Last month,3 the eight chapter of Fox’s X-Men franchise hit the theaters to baffle and bewilder a whole new generation of fans;4 who will then—Xavier willing and the creek don’t rise—find their way back to the still more convoluted world of the comics, where a rival generation of long-term X-Men readers will be waiting to judge the hell out of them for not knowing who Adam X the X-Treme5 is.
But you, dear reader; you will be ready. Because—surprise!—you’re about to get a crash course in the ins, outs and retcons of comics’ greatest superhero soap opera.
Trust me. I’m an X-Pert.
X-Men hit the stands on September 1, 1963. Written by Stan Lee and drawn by Jack Kirby, X-Men #1 introduced a team of five yellow-and-black clad teenagers, billed on the cover as “The strangest superheroes of them all!” in a pitched battle with Magneto, the Master of Magnetism.
The Silver-Age X-Men lasted 66 issues before lapsing into reprints and then an extended hiatus.6 They re-emerged in 1975, with Giant-Size X-Men #1, written by Len Wein and drawn by Dave Cockrum, which replaced most of the original all-WASP team with a new, older, international line-up. Cockrum would stay on as series artist, but Wein was shortly replaced by Chris Claremont, who would go on to write the title—and shape the widening X-line—for the next seventeen years. Most of the elements of X-Men that have made their way into popular consciousness—including the franchise’s distinctly soap-opera feel—have their roots in Claremont’s run; and the storylines of four of the films7 draw heavily from some of his best-known storylines.
Under Claremont, X-Men rapidly grew from a fringe book to Marvel’s best-selling title, branching into a range of spinoff series: New Mutants, which introduced a new team of superpowered teens; X-Factor, which reunited the original five Silver-Age X-Men under a new banner; Excalibur, which brought Marvel’s merry mutants across the pond to team up with Marvel UK headliners Captain Britain and Meggan; and Wolverine, which featured the X-Men’s most popular member in much bloodier solo adventures.
In 1991, Marvel relaunched X-Men. Propelled on the cresting wave of the comics-speculator boom, X-Men #1, scripted by Chris Claremont and drawn by Jim Lee, still holds the world record for best-selling comic of all time. In 1992, Fox launched the animated series that defined the team to a generation of kids, mixing Lee’s iconic costume designs with varyingly loyal8 adaptations of Claremont’s classic storylines. In 1994, facing bankruptcy, Marvel sold the X-Men’s movie rights—along with several other franchises—to Fox, where they remain to this day.
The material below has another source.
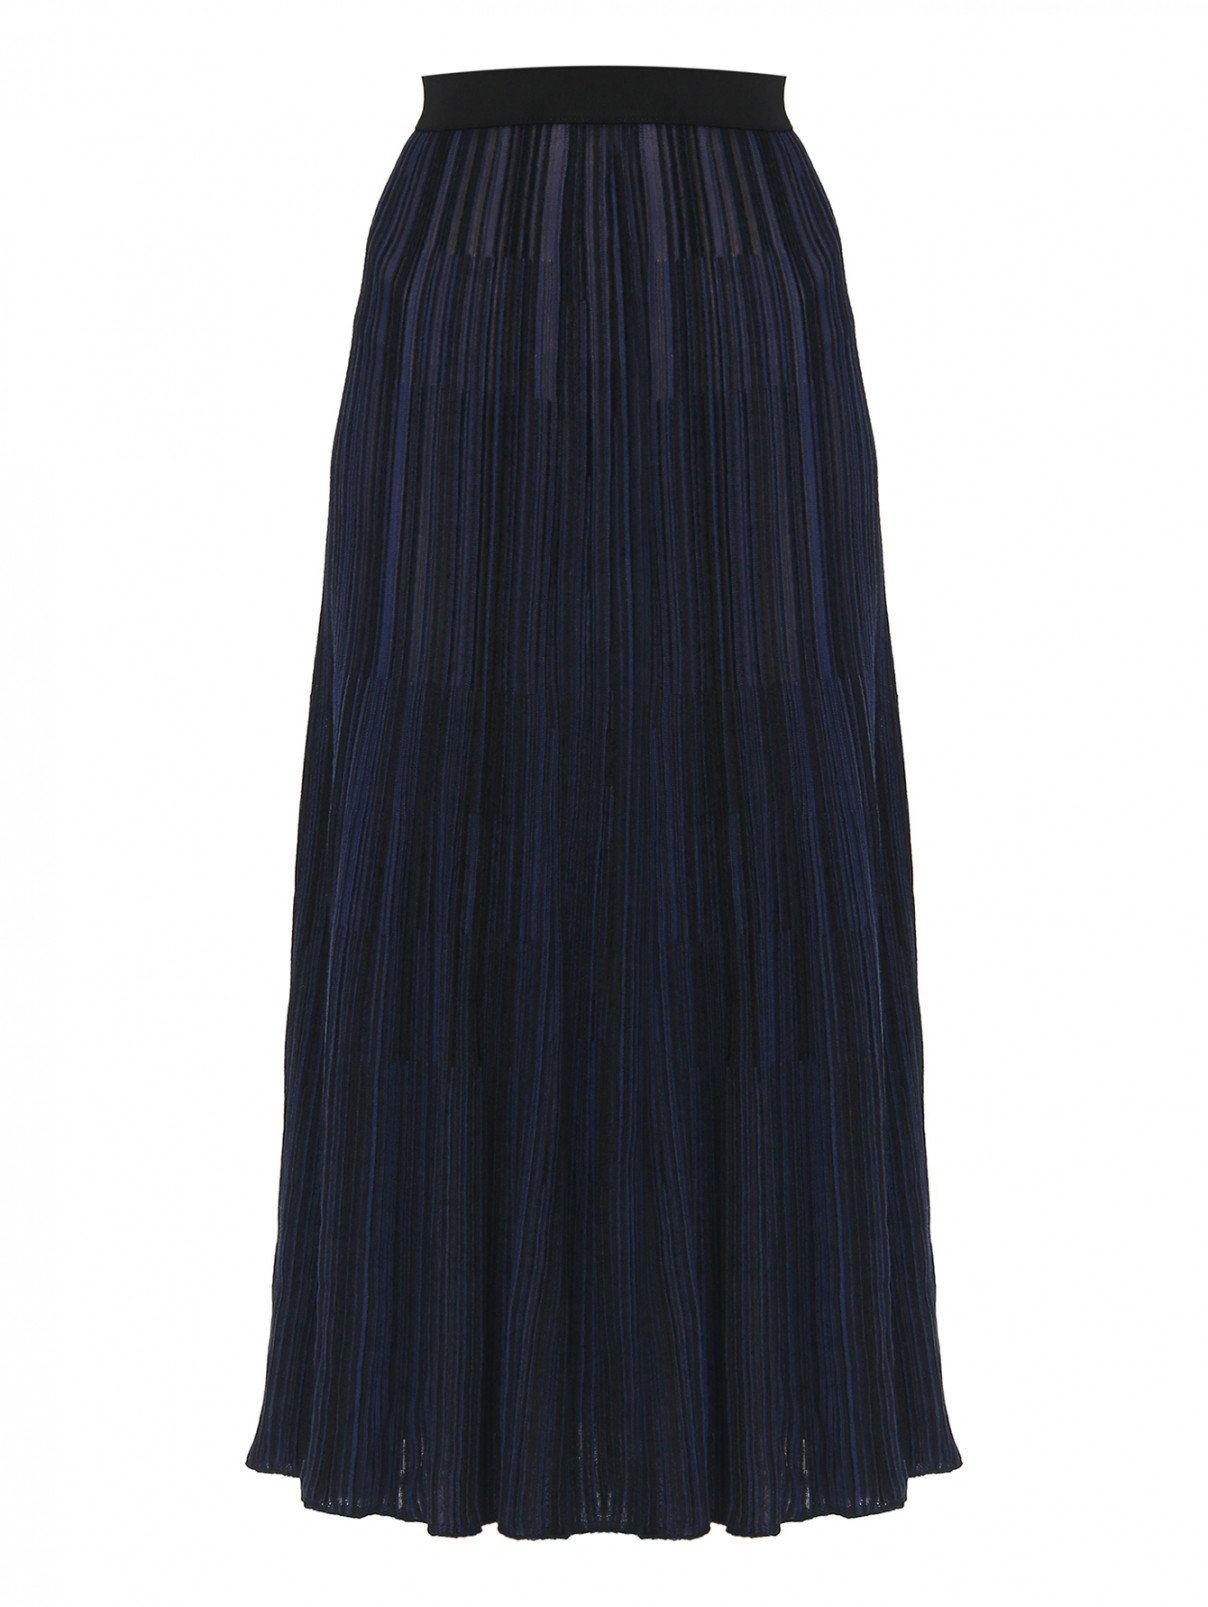 Триотажная юбка в рубчик Sonia Rykiel  –  Общий вид  – Цвет:  Синий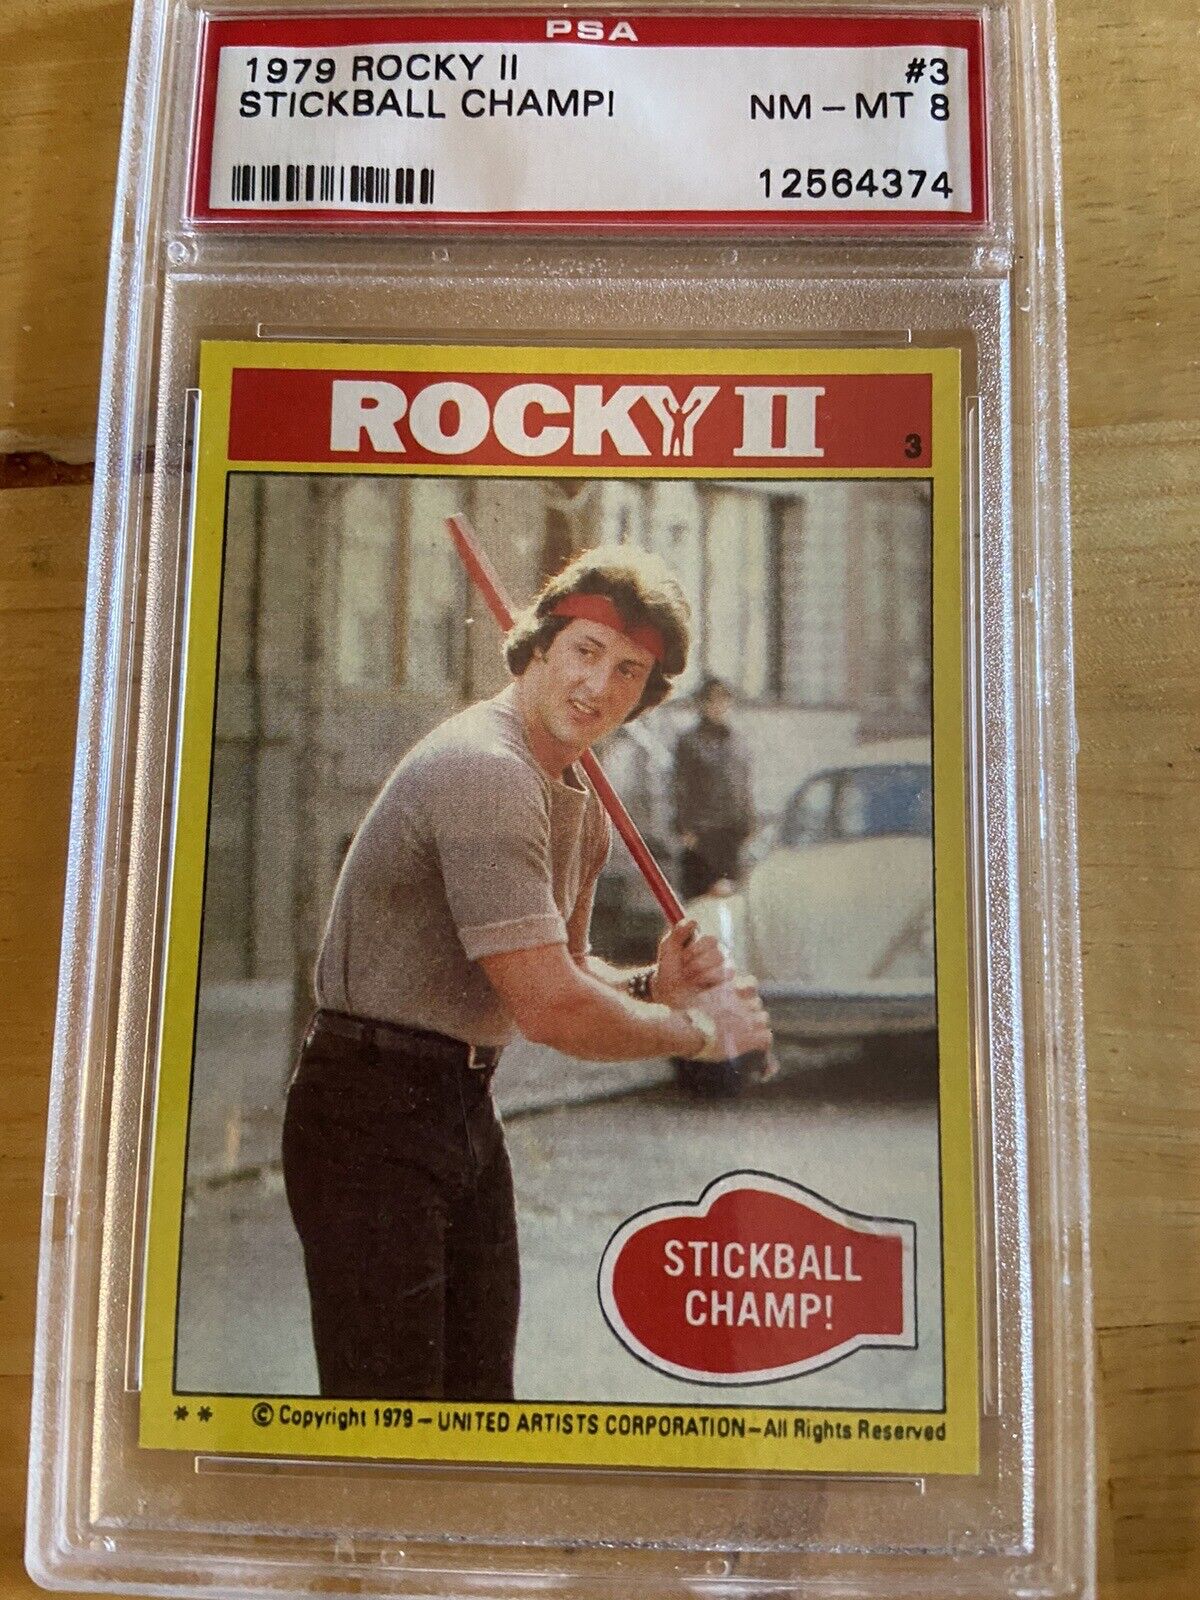 1979 Rocky 2 Psa 8 NM-Mint Graded Card lot. Low Pop

The X-line foundered through most of the ‘90s, and didn’t really regain its footing until 2000, when Grant Morrison and Frank Quitely took the reins of the flagship title, New X-Men; and the first Fox feature film introduced a new generation to the franchise and ushered in the modern era of superhero movies. This is the X-Men—comics and film—in which the modern incarnations of the franchise find their most direct roots.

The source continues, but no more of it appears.